DATA: Begin

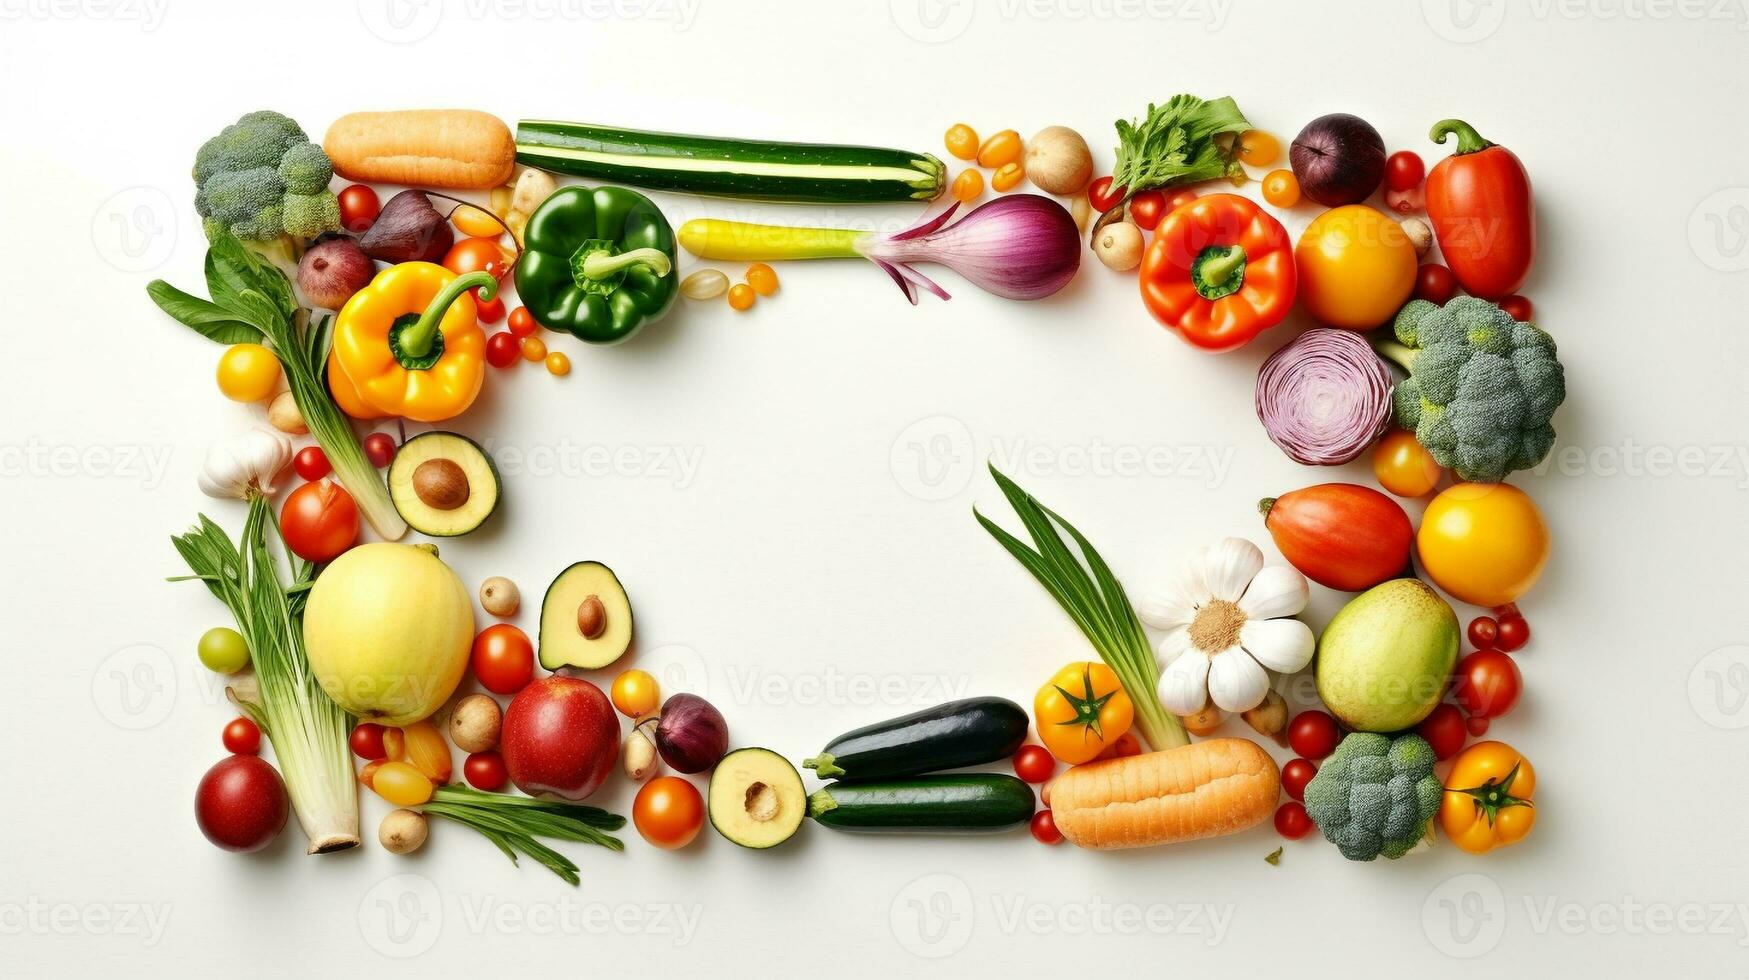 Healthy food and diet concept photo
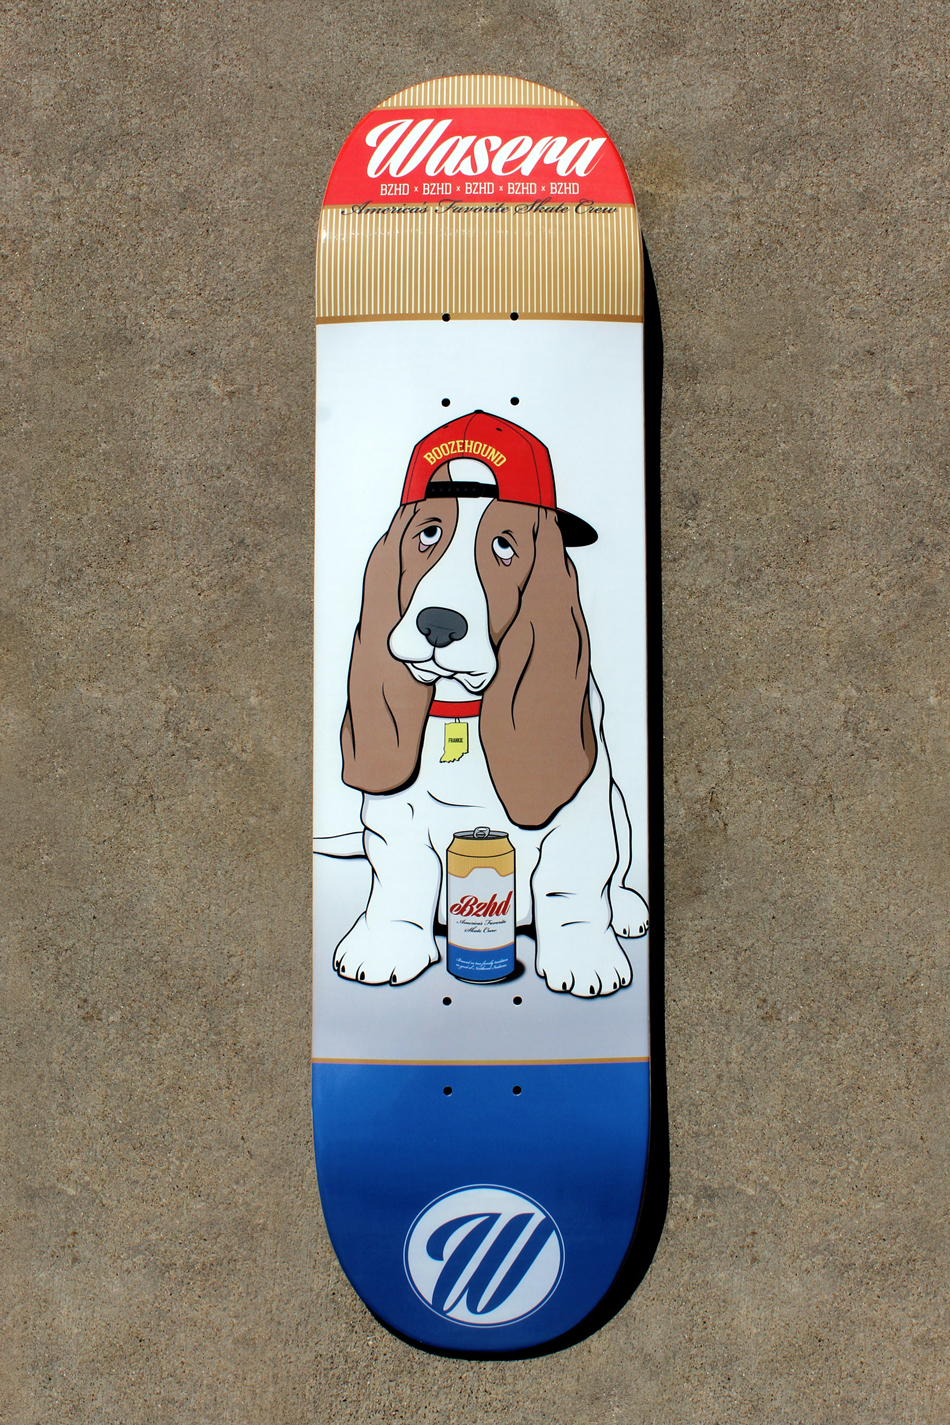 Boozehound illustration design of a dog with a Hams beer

DATA: End
DATA: Begin

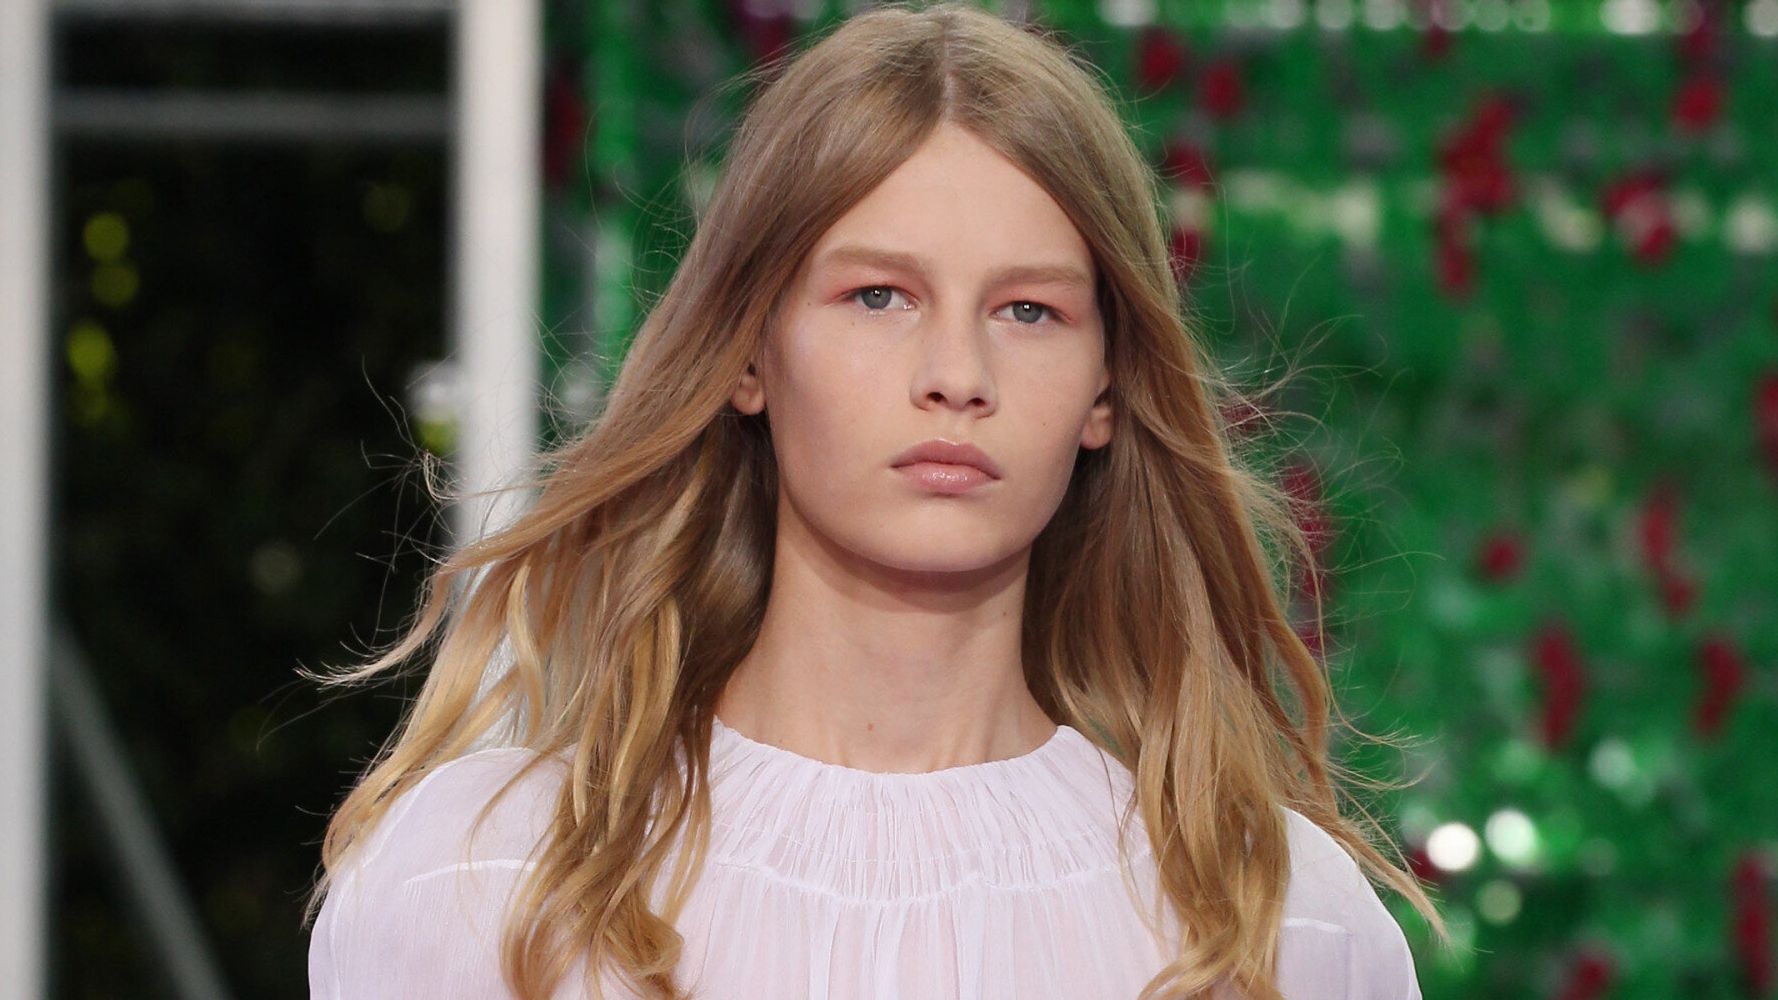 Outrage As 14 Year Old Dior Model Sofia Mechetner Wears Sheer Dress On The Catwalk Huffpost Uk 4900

DATA: End
DATA: Begin

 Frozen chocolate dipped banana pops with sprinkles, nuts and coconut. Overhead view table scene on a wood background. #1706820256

DATA: End

--- WHAT TO PRODUCE ---
Return the stretch of data that begins with the line showing "Healthy food and diet concept photo" and goes on through the line showing "Boozehound illustration design", exactly, with pictures removed.

--- RESPONSE TO THIS TASK ---
 Healthy food and diet concept photo
 Boozehound illustration design of a dog with a Hams beer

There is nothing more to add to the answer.